__Source material__.
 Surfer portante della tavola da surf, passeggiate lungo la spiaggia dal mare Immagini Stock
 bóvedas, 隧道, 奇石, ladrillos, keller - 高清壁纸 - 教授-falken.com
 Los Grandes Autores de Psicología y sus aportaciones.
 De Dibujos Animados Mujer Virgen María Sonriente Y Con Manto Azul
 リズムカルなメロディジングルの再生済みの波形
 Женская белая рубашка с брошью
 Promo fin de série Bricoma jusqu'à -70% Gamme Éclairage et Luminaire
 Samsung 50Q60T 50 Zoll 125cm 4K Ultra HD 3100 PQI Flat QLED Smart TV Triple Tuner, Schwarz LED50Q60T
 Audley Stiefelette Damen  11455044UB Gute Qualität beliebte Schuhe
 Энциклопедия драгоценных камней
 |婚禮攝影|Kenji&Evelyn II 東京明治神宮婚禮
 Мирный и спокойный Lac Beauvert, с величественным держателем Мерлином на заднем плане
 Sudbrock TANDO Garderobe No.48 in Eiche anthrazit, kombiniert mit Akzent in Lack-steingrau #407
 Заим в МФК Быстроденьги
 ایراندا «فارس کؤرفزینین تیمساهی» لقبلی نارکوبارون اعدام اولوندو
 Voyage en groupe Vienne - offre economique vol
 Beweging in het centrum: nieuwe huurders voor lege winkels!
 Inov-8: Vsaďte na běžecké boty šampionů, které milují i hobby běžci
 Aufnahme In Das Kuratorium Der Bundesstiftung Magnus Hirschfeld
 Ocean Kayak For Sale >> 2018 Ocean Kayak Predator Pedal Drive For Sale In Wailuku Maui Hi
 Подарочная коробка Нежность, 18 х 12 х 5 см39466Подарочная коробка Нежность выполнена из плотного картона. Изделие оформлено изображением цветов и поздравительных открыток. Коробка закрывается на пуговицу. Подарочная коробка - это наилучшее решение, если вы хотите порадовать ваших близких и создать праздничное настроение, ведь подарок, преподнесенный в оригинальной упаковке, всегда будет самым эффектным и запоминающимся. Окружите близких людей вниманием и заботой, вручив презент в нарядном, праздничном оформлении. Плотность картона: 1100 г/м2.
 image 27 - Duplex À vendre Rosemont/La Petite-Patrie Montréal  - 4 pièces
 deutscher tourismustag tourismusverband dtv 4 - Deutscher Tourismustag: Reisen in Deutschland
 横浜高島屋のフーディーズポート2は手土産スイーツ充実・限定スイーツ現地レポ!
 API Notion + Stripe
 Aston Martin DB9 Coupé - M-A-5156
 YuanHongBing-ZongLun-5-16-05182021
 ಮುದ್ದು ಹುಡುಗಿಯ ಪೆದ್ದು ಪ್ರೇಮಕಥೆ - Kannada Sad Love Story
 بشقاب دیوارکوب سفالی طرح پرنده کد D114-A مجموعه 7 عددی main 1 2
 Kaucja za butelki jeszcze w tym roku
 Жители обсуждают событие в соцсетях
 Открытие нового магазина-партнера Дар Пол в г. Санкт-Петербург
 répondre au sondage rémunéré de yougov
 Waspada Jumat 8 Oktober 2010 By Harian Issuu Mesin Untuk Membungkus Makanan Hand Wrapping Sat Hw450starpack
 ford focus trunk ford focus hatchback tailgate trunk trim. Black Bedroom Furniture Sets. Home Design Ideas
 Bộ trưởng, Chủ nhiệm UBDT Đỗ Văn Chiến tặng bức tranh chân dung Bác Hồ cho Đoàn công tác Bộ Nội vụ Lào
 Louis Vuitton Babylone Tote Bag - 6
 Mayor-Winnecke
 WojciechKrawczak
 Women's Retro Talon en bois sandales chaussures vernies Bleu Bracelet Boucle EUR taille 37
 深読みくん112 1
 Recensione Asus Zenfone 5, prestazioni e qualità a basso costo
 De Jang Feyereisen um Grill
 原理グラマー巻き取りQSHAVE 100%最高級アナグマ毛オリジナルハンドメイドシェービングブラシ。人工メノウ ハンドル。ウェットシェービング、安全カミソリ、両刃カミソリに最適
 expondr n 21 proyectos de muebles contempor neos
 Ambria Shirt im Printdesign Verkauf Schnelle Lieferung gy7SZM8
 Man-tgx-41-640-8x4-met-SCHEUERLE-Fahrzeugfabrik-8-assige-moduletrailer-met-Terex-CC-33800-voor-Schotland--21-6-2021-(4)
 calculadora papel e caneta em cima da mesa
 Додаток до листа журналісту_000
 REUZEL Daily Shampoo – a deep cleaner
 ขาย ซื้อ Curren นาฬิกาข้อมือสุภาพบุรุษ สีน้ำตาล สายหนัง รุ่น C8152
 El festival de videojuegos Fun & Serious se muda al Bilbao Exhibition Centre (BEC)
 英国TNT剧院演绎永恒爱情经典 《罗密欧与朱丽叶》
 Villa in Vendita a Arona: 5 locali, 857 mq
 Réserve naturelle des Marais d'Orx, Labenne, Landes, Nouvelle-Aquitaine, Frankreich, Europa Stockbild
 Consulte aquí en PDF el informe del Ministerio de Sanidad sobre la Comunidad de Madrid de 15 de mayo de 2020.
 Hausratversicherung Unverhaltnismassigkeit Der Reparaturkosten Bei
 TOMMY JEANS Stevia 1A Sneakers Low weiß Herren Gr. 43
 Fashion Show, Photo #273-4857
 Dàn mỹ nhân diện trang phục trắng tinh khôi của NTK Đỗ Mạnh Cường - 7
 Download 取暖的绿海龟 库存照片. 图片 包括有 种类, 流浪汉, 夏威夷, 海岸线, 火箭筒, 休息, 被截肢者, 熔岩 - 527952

__What you have to do__.
Without changing anything, quote the lines from the top of the data to the line that contains "Beweging in het", including that line.

__Written reply__.
 Surfer portante della tavola da surf, passeggiate lungo la spiaggia dal mare Immagini Stock
 bóvedas, 隧道, 奇石, ladrillos, keller - 高清壁纸 - 教授-falken.com
 Los Grandes Autores de Psicología y sus aportaciones.
 De Dibujos Animados Mujer Virgen María Sonriente Y Con Manto Azul
 リズムカルなメロディジングルの再生済みの波形
 Женская белая рубашка с брошью
 Promo fin de série Bricoma jusqu'à -70% Gamme Éclairage et Luminaire
 Samsung 50Q60T 50 Zoll 125cm 4K Ultra HD 3100 PQI Flat QLED Smart TV Triple Tuner, Schwarz LED50Q60T
 Audley Stiefelette Damen  11455044UB Gute Qualität beliebte Schuhe
 Энциклопедия драгоценных камней
 |婚禮攝影|Kenji&Evelyn II 東京明治神宮婚禮
 Мирный и спокойный Lac Beauvert, с величественным держателем Мерлином на заднем плане
 Sudbrock TANDO Garderobe No.48 in Eiche anthrazit, kombiniert mit Akzent in Lack-steingrau #407
 Заим в МФК Быстроденьги
 ایراندا «فارس کؤرفزینین تیمساهی» لقبلی نارکوبارون اعدام اولوندو
 Voyage en groupe Vienne - offre economique vol
 Beweging in het centrum: nieuwe huurders voor lege winkels!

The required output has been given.